动机
在答案中 突出显示 tikz 树中的一组节点,Jake 建议结合凸包的填充边界与爱好路径我对这种可能性非常感兴趣。
前期工作
起初我尝试至少尽可能地修改\convexpath
:
\documentclass[a4paper,11pt]{article}
\usepackage{tikz}
\usetikzlibrary{hobby,backgrounds,calc,trees}
\newcommand{\myconvexpath}[2]{
[
create hobbyhullnodes/.code={
\global\edef\namelist{#1}
\foreach [count=\counter] \nodename in \namelist {
\global\edef\numberofnodes{\counter}
\node at (\nodename) [draw=none,name=hobbyhullnode\counter] {};
}
\node at (hobbyhullnode\numberofnodes) [name=hobbyhullnode0,draw=none] {};
\pgfmathtruncatemacro\lastnumber{\numberofnodes+1}
\node at (hobbyhullnode1) [name=hobbyhullnode\lastnumber,draw=none] {};
},
create hobbyhullnodes
]
($(hobbyhullnode1)!#2!-90:(hobbyhullnode0)$)
\foreach [
evaluate=\currentnode as \previousnode using \currentnode-1,
evaluate=\currentnode as \nextnode using \currentnode+1
] \currentnode in {1,...,\numberofnodes} {
let \p1 = ($(hobbyhullnode\currentnode)!#2!-90:(hobbyhullnode\previousnode) - (hobbyhullnode\currentnode)$),
\n1 = {atan2(\x1,\y1)},
\p2 = ($(hobbyhullnode\currentnode)!#2!90:(hobbyhullnode\nextnode) - (hobbyhullnode\currentnode)$),
\n2 = {atan2(\x2,\y2)},
\n{delta} = {-Mod(\n1-\n2,360)}
in
{arc [start angle=\n1, delta angle=\n{delta}, radius=#2]}
..($(hobbyhullnode\nextnode)!0.5!(hobbyhullnode\currentnode)$)

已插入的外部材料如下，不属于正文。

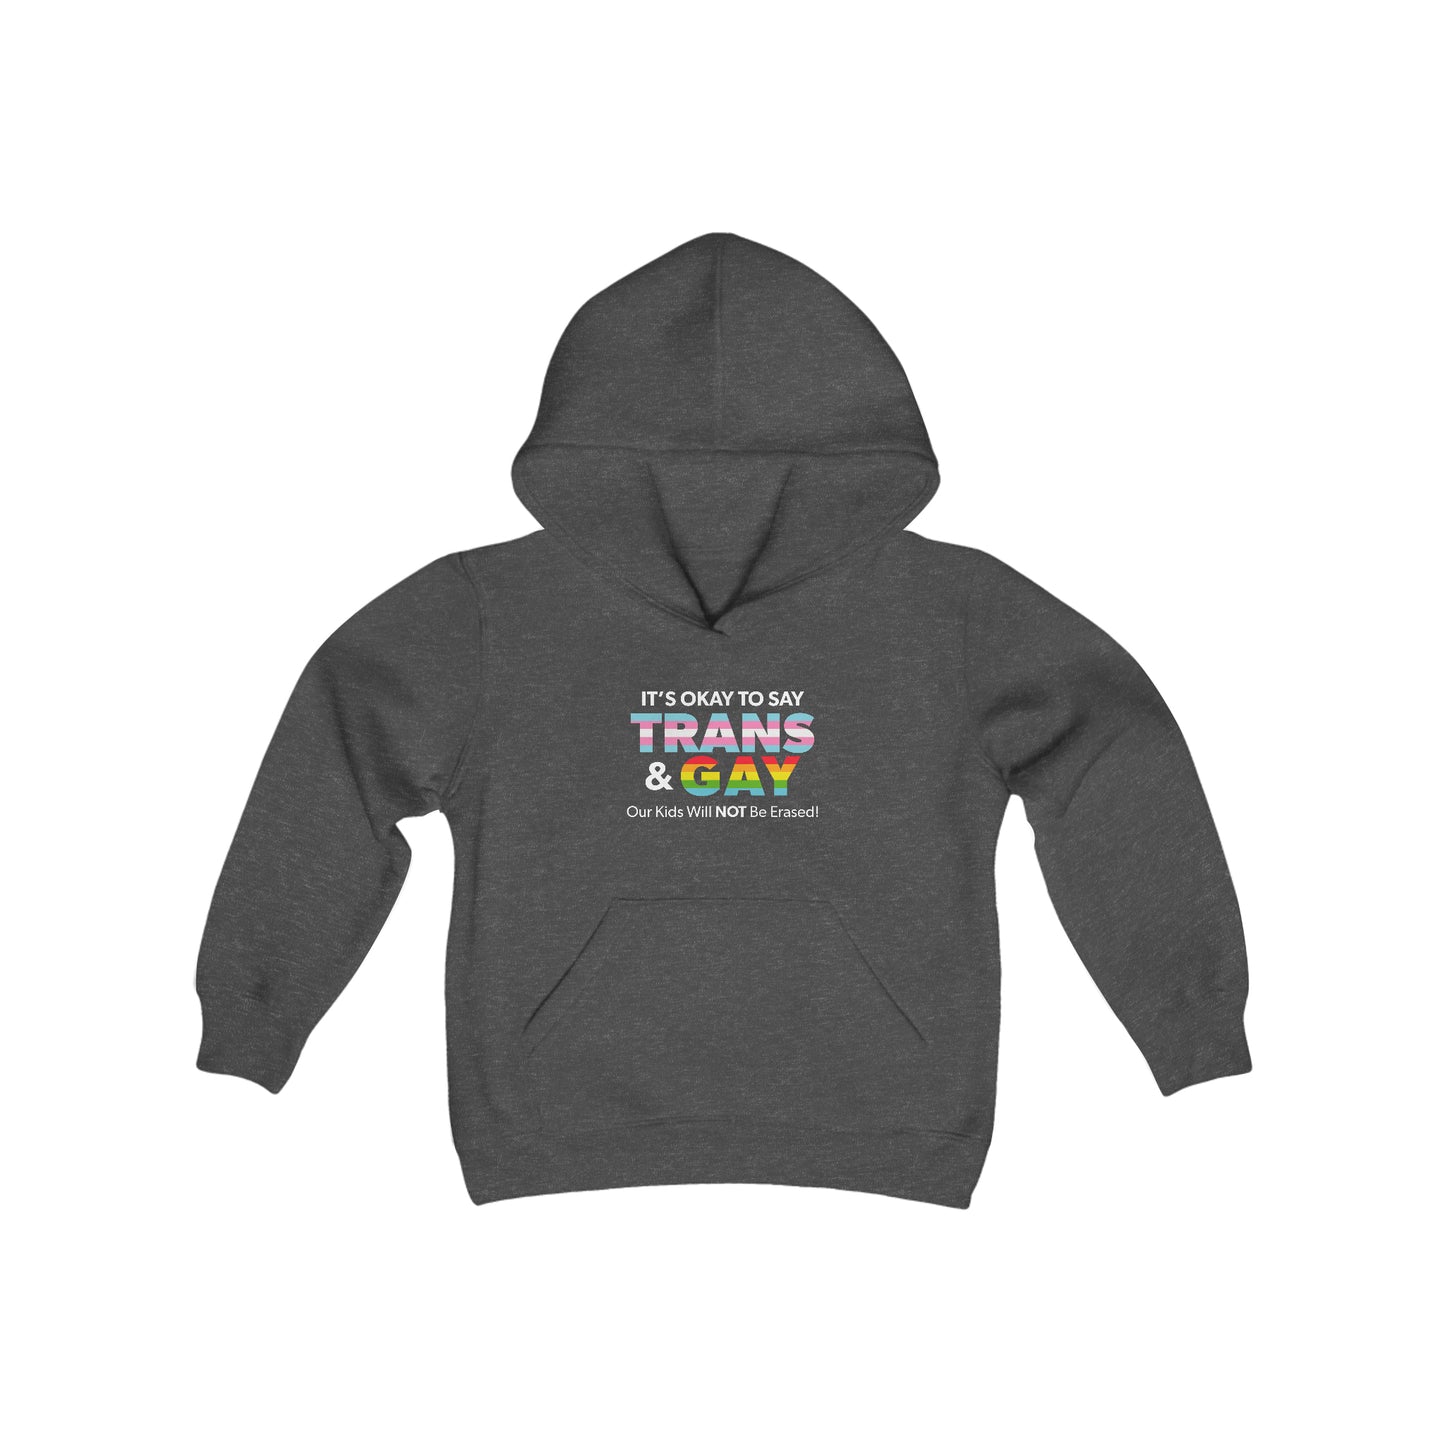 “It’s Okay to Say Trans & Gay” Youth Hoodie

..($(hobbyhullnode\nextnode)!#2!-90:(hobbyhullnode\currentnode)$)
}
--cycle
}
\begin{document}
\begin{tikzpicture}[use Hobby shortcut]
\node (f) {f}
child { node (g) {g}
child { node (a) {a}
}
child { node (b) {b}
}
}
child { node (h) {h}
child { node (c) {c}
}
};
\begin{pgfonlayer}{background}
\fill[draw,blue, opacity=0.3] \myconvexpath{f,h,c,g}{12pt};
\fill[draw,red, opacity=0.3] \myconvexpath{g,b,a}{12pt};
\end{pgfonlayer}
\end{tikzpicture}
\end{document}
这导致:
我怀疑arcs
与爱好路径是造成尖点的原因,因此在另一个例子中,我尝试:
\documentclass[a4paper,11pt]{article}
\usepackage{tikz}
\usetikzlibrary{hobby,backgrounds,calc,trees}
\newcommand{\myconvexpath}[2]{
[
create hobbyhullnodes/.code={
\global\edef\namelist{#1}
\foreach [count=\counter] \nodename in \namelist {
\global\edef\numberofnodes{\counter}
\node at (\nodename) [draw=none,name=hobbyhullnode\counter] {};
}
\node at (hobbyhullnode\numberofnodes) [name=hobbyhullnode0,draw=none] {};
\pgfmathtruncatemacro\lastnumber{\numberofnodes+1}
\node at (hobbyhullnode1) [name=hobbyhullnode\lastnumber,draw=none] {};
},
create hobbyhullnodes
]
($(hobbyhullnode1)!#2!-90:(hobbyhullnode0)$)
\foreach [
evaluate=\currentnode as \previousnode using \currentnode-1,
evaluate=\currentnode as \nextnode using \currentnode+1
] \currentnode in {1,...,\numberofnodes} {
let \p1 = ($(hobbyhullnode\currentnode)!#2!-90:(hobbyhullnode\previousnode)$),
\n1 = {atan2(\x1,\y1)},
\p2 = ($(hobbyhullnode\currentnode)!#2!90:(hobbyhullnode\nextnode)$),
\n2 = {atan2(\x2,\y2)},
\n{delta} = {-Mod(\n1-\n2,360)},
\n{end}={add(\n1,\n{delta})}
in
{..([in angle=\n1]$(hobbyhullnode\currentnode)!#2!-90:(hobbyhullnode\previousnode)$)..([out angle=\n{end}]$(hobbyhullnode\currentnode)!#2!90:(hobbyhullnode\nextnode)$)}
..($(hobbyhullnode\nextnode)!0.5!(hobbyhullnode\currentnode)$)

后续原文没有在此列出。